Worthington voluntarily dismissed his federal action without prejudice; therefore, *440 that dismissal is not an adjudication on the merits and Worthington may refile the action in a federal court and include his state-law claims in the action.[3] If the federal district court declines to exercise its pendent jurisdiction over the state-law claims, then the exception provided by Terrell permits Worthington to pursue those claims in a state court. The trial court's dismissal of Worthington's state action with prejudice is an adjudication on the merits[4] and, therefore, is an impediment to his pursuing the state-law claims pursuant to the Terrell exception should the federal court decline to exercise its pendent jurisdiction over the state-law claims.

That portion of the court's judgment dismissing Worthington's state action is affirmed. However, the judgment, to the extent that it dismissed the action with prejudice, is reversed, and the case is remanded for the trial court to enter an order consistent with this opinion.

AFFIRMED IN PART; REVERSED IN PART; AND REMANDED WITH INSTRUCTIONS.

MONROE, CRAWLEY, and THOMPSON, JJ., concur.

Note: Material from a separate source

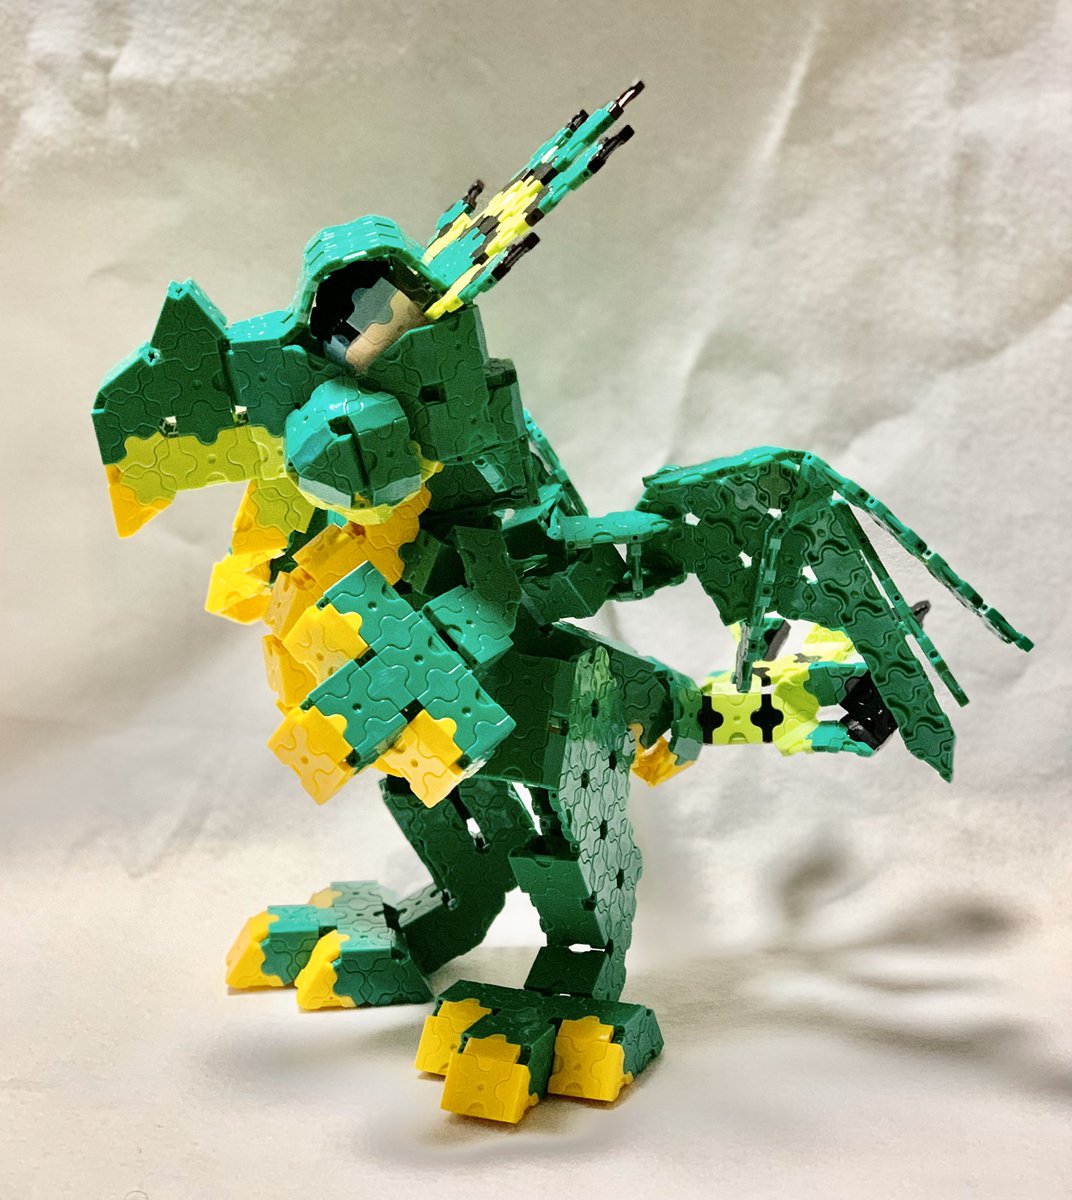 緒方先生 Ken01 さんのドラゴンキッド作らせて頂きました 折角なので緑にカラーリング変更しました 新作楽しみにしています Laq Dragon ドラゴン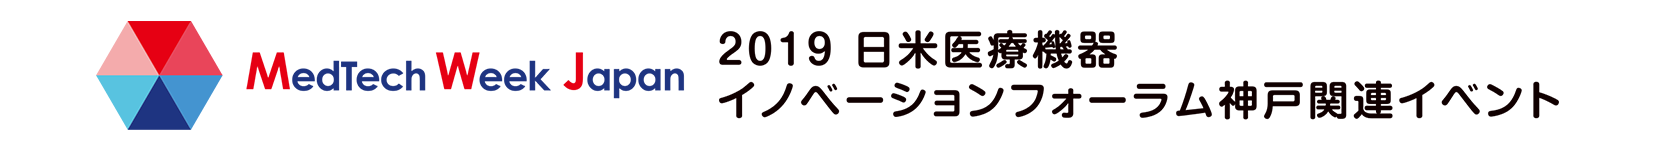 2019 日米医療機器 イノベーションフォーラム神戸関連イベント

ROBERTSON, P.J., concurs in the result.

NOTES

[1] The complaint is not part of the record.

[2] Worthington has moved this court to take judicial notice of certain adjudicative facts. Specifically, he requests that this court take judicial notice of the United States District Court's dismissal of his federal action without prejudice on January 13, 1999. Worthington supports his motion with a copy of the order of dismissal. Generally, a court may not take judicial notice of the records of another court. See Garrett v. Hadden, 495 So.2d 616 (Ala. 1986); Lyle v. Eddy, 481 So.2d 395 (Ala.Civ. App.1985). However, a court may take judicial "`notice of another court's order for the limited purpose of recognizing the `judicial act' that the order represents or the subject matter of the litigation and related filings.'" In re Delta Resources, Inc., 54 F.3d 722, 725 (11th Cir.1995), quoting United States v. Jones, 29 F.3d 1549, 1553-54 (11th Cir.1994). Accordingly, we take judicial notice of the order dismissing Worthington's federal action, for the limited purpose of recognizing the judicial act.

[3] The effect of a voluntary dismissal without prejudice is to render the proceedings a nullity and leave the parties as if the action had never been filed. Bonneville Assocs., Ltd. Partnership v. Barram, 165 F.3d 1360 (Fed. Cir.1999).

[4] See Parmater v. Amcord, Inc., 699 So.2d 1238 (Ala.1997).